EliHei2 commented 1 month ago

Hey @pakiessling thanks for reaching out. We made some structural changes, that is possibly confusing regarding the workflow. Please follow this tutorial :https://github.com/EliHei2/segger_dev/blob/main/docs/notebooks/segger_tutorial.ipynb to create data, train, and predict.

pakiessling commented 1 month ago

Ty!

I am now getting TypeError: SpatialTranscriptomicsSample.save_dataset_for_segger() got an unexpected keyword argument 'receptive_field'

in the

 xs.save_dataset_for_segger(
        processed_dir=segger_data_dir,
        r_tx=5,
        k_tx=15,
        receptive_field=receptive_field,
        x_size=120,
        y_size=120,
        d_x=100,
        d_y=100,
        margin_x=10,
        margin_y=10,
        num_workers=4,  # change to you number of CPUs
    )

step.

EliHei2 commented 1 month ago

you could define the receptive field like this receptive_field = {'k_bd': 3, 'dist_bd': 20,'k_tx': 15, 'dist_tx': 3}.

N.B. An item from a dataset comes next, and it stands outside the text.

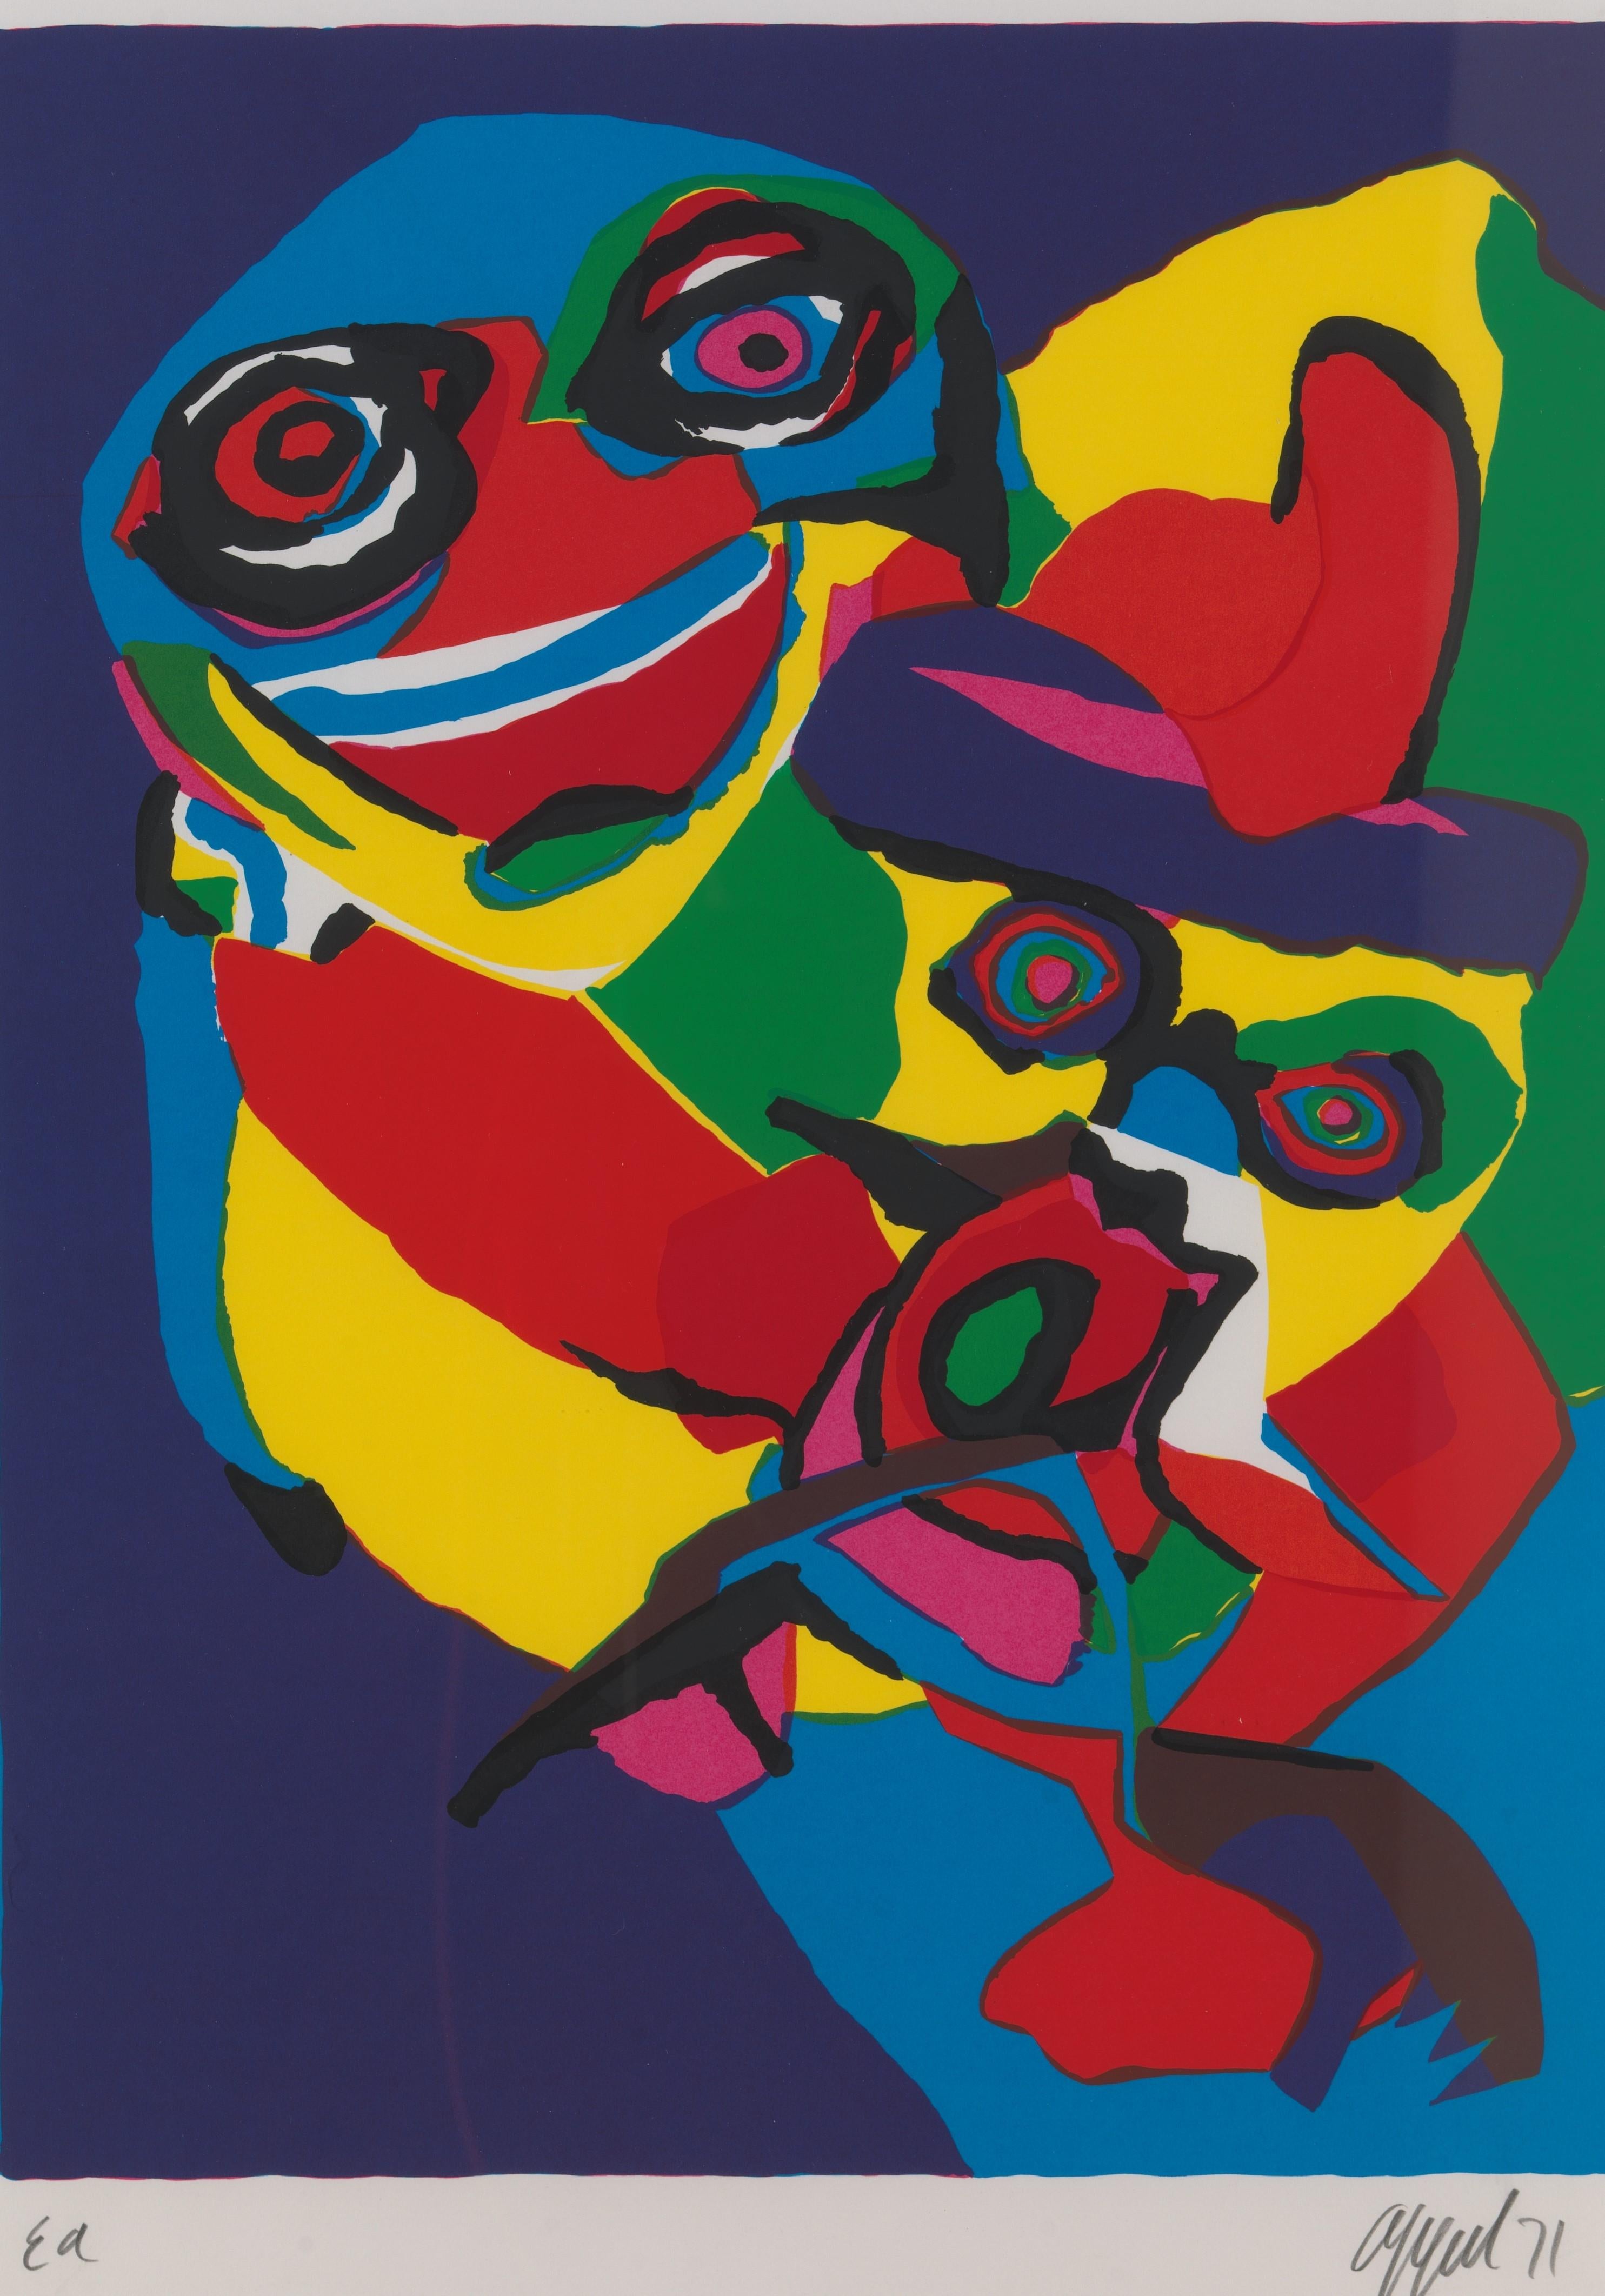 Extraordinary screen print from 1971 by Artist Karel Appel (1921-2006): expressive and bold composition and colors. Pencil signed 'EA' and dated 'Appel 71’. An artist’s proof, aside from the edition of 100. Dimensions are 73 cm x 103 cm with frame

pakiessling commented 1 month ago

yeah I did but the function save_dataset_for_segger() does not seem to take receptive_field as an argument anymore. I omitted it and it saved a dataset

EliHei2 commented 1 month ago

that's true, in the new version we don't compute the receptive field in the data_creation step, rather in the prediciton step.